## Data segment:
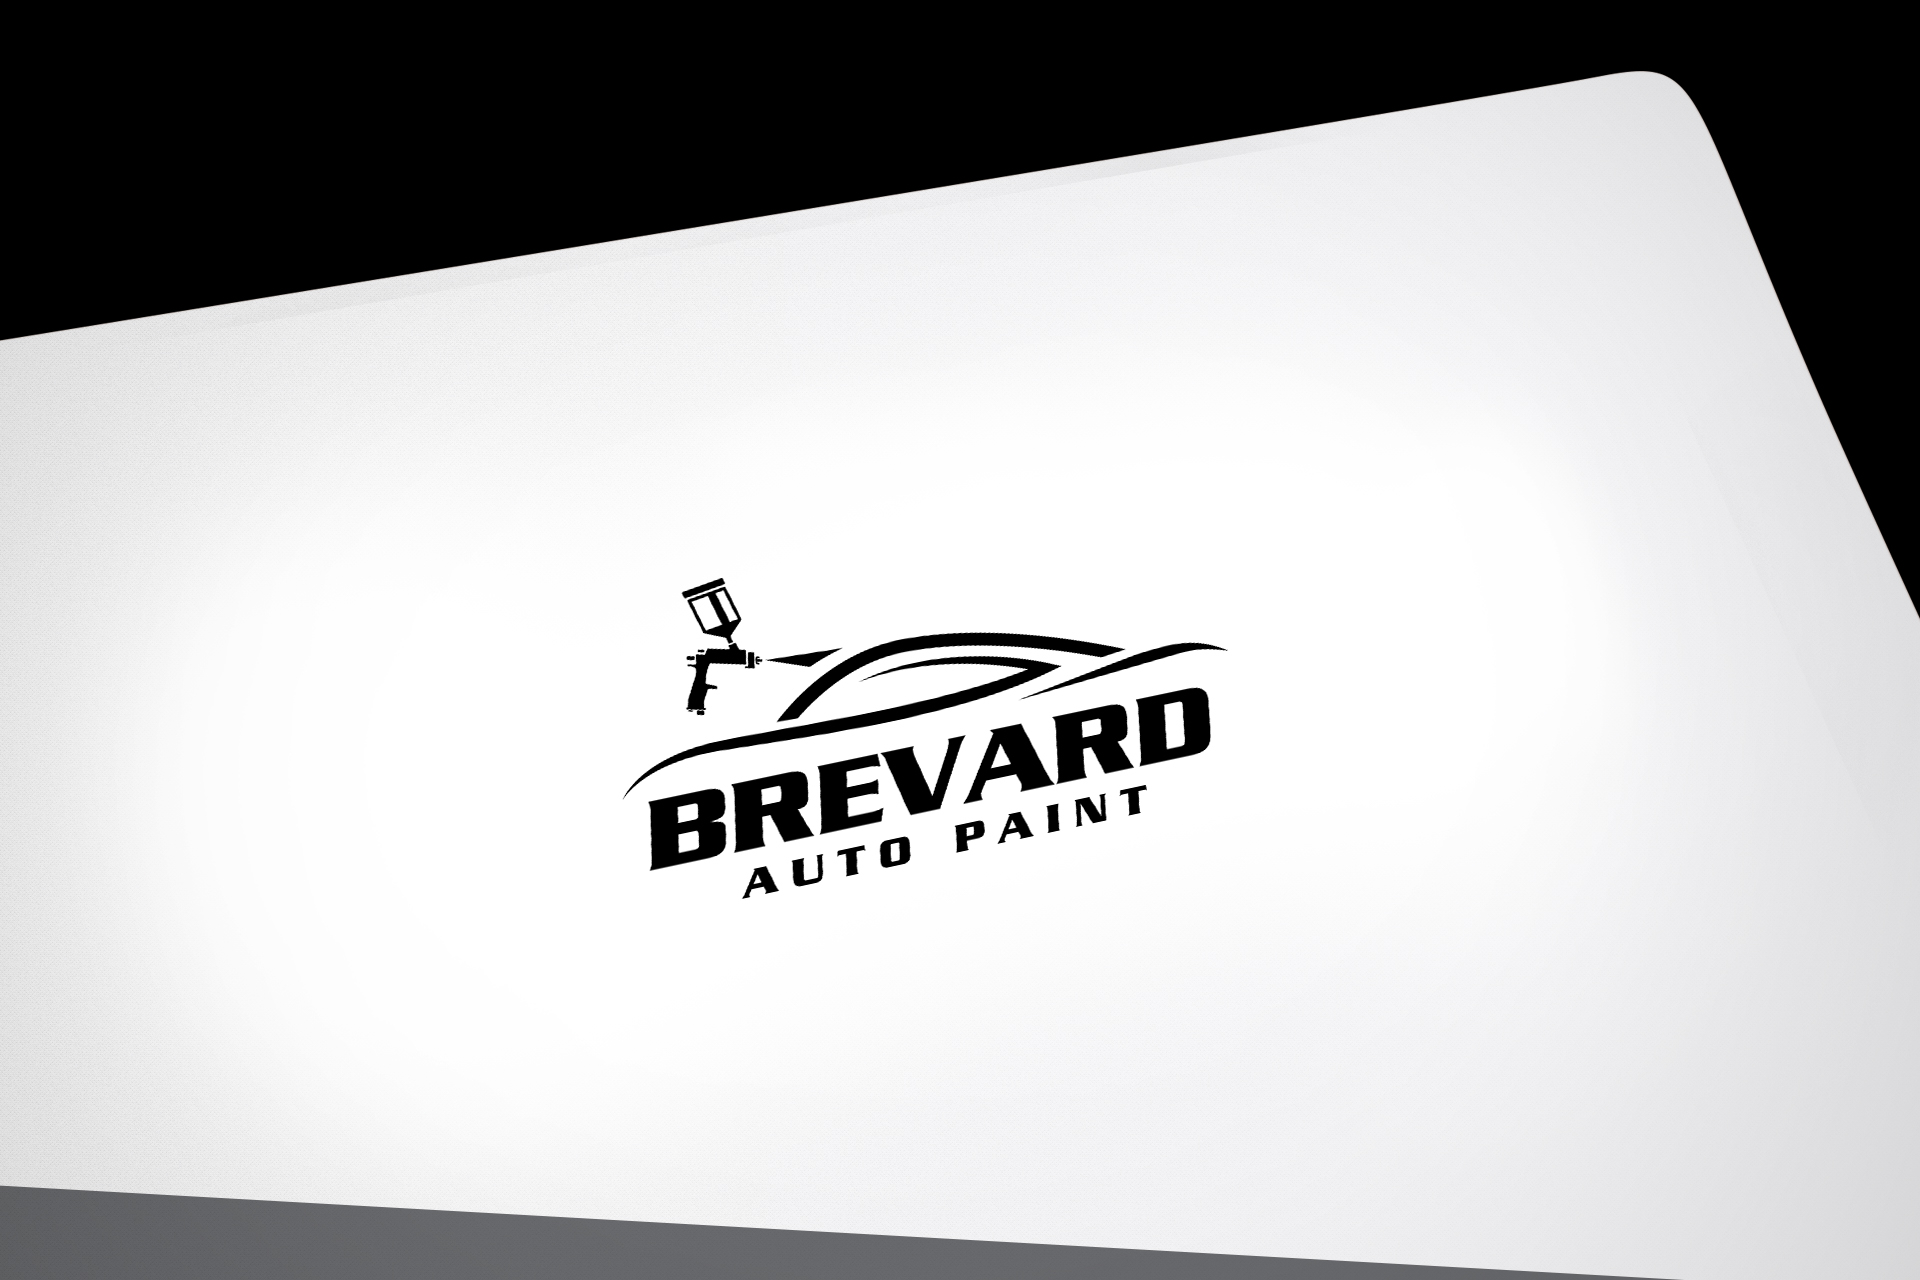 Brevard Auto Paint Design #6
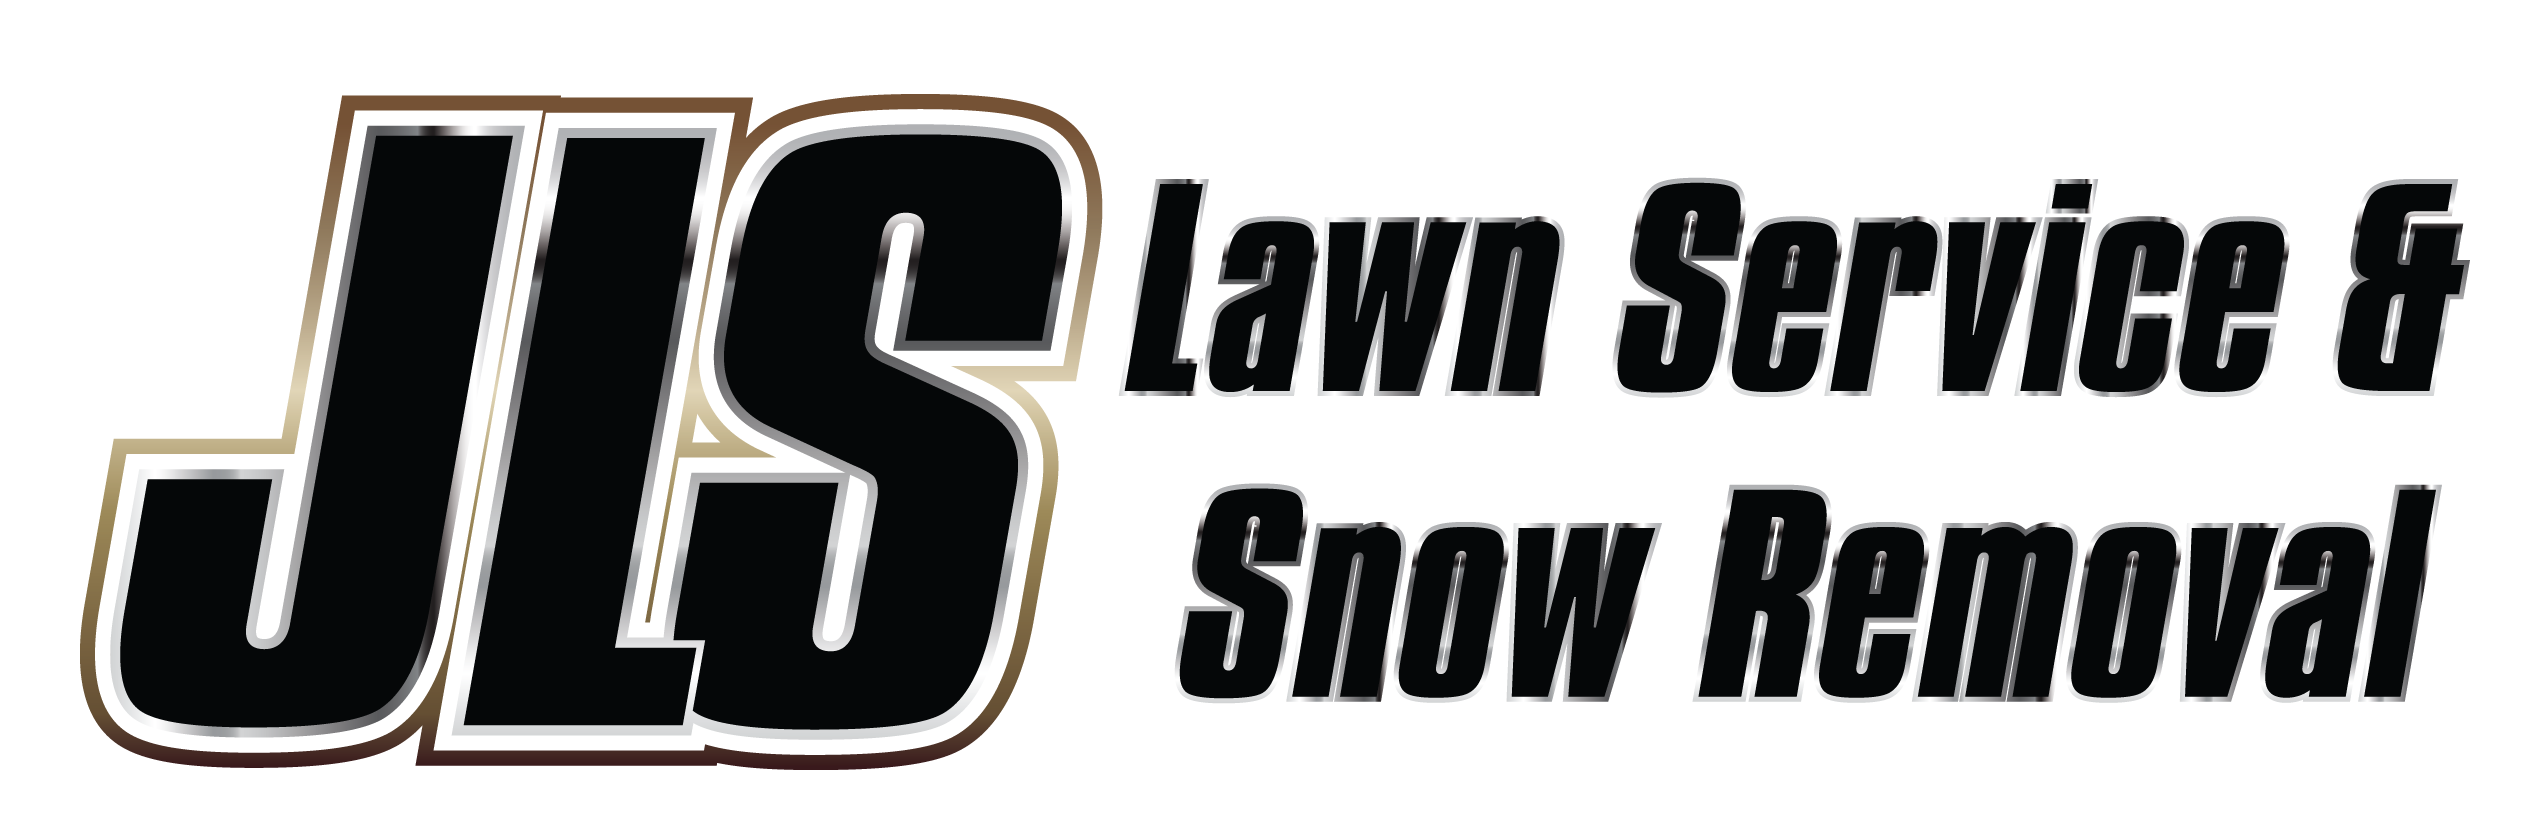 Jls Lawn Care Snow Removal Prior, Jls Landscaping Coconut Creek
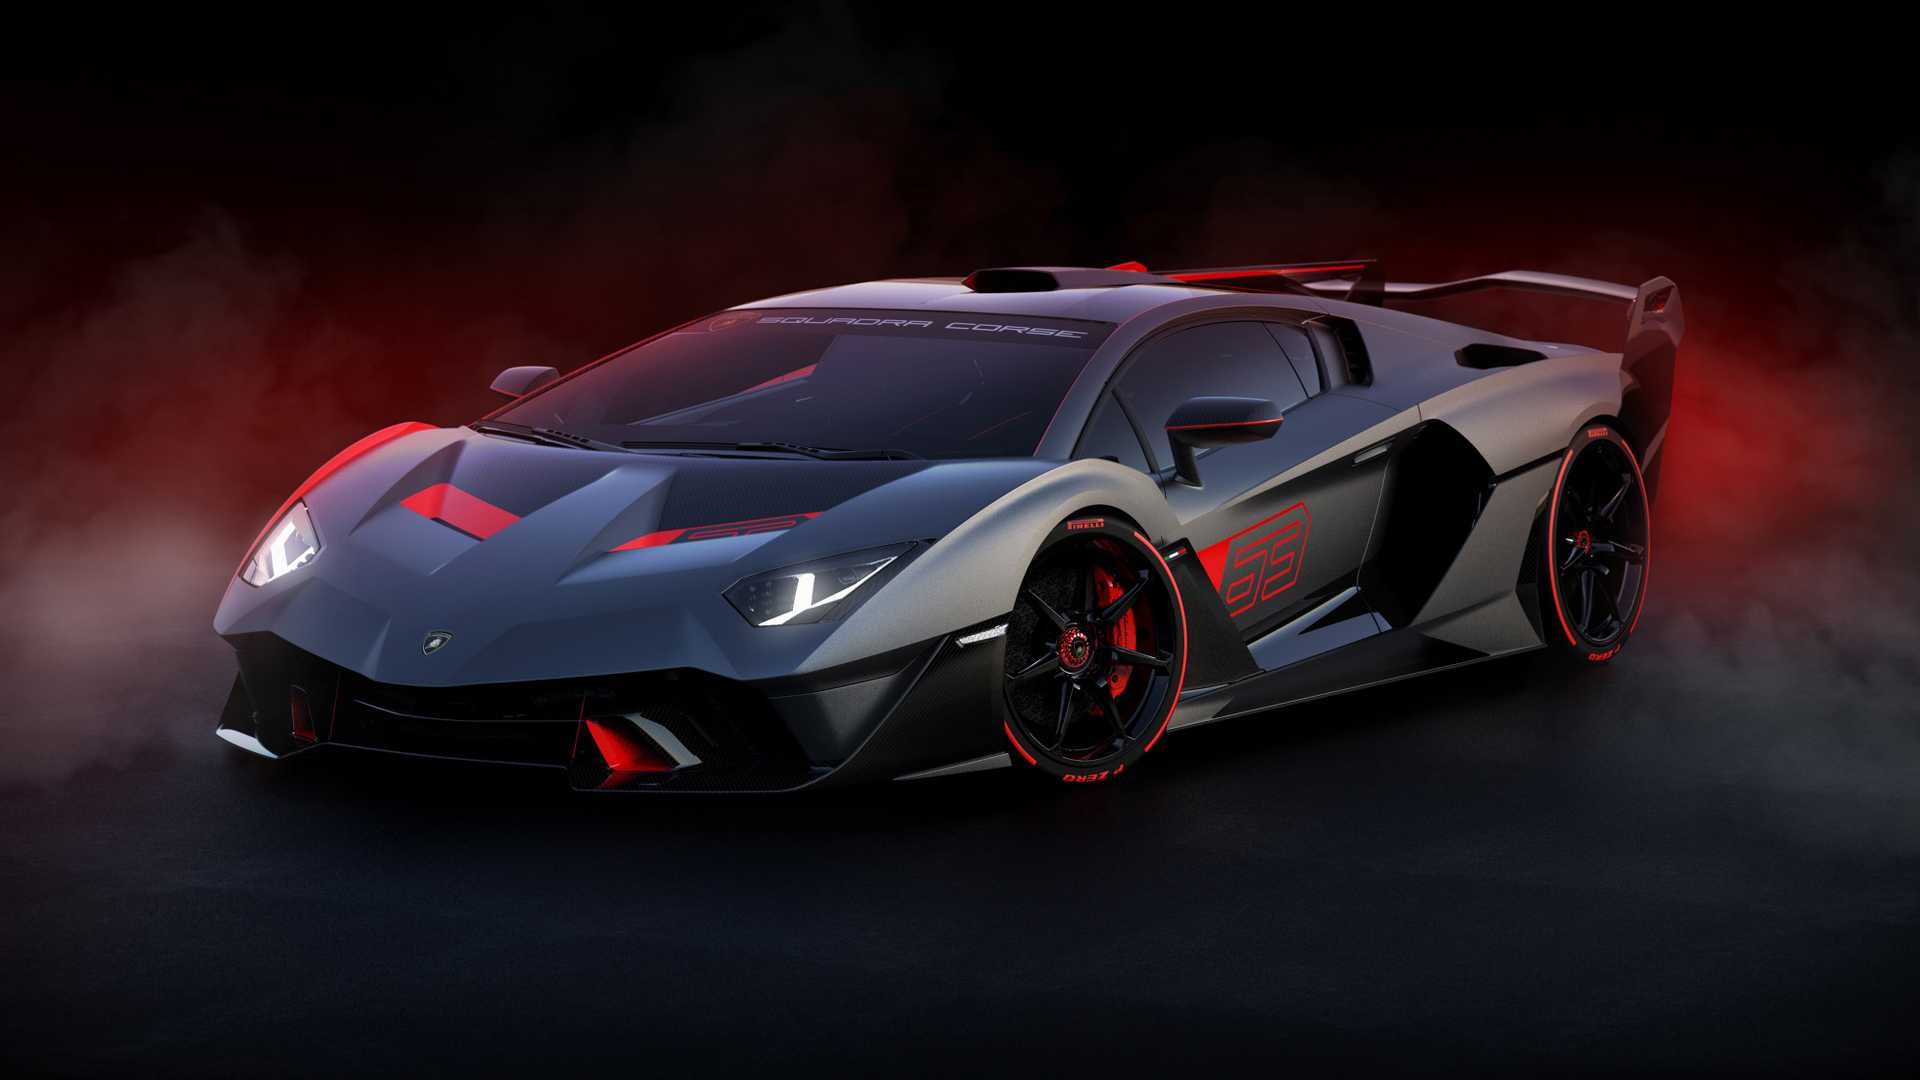 Lamborghini motorsport squad builds a wild one-off Aventador

## About this task:
Print out all the material above exactly as it appears, omitting the images.

## Reply to the exercise:
 Brevard Auto Paint Design #6
 Jls Lawn Care Snow Removal Prior, Jls Landscaping Coconut Creek
 Lamborghini motorsport squad builds a wild one-off Aventador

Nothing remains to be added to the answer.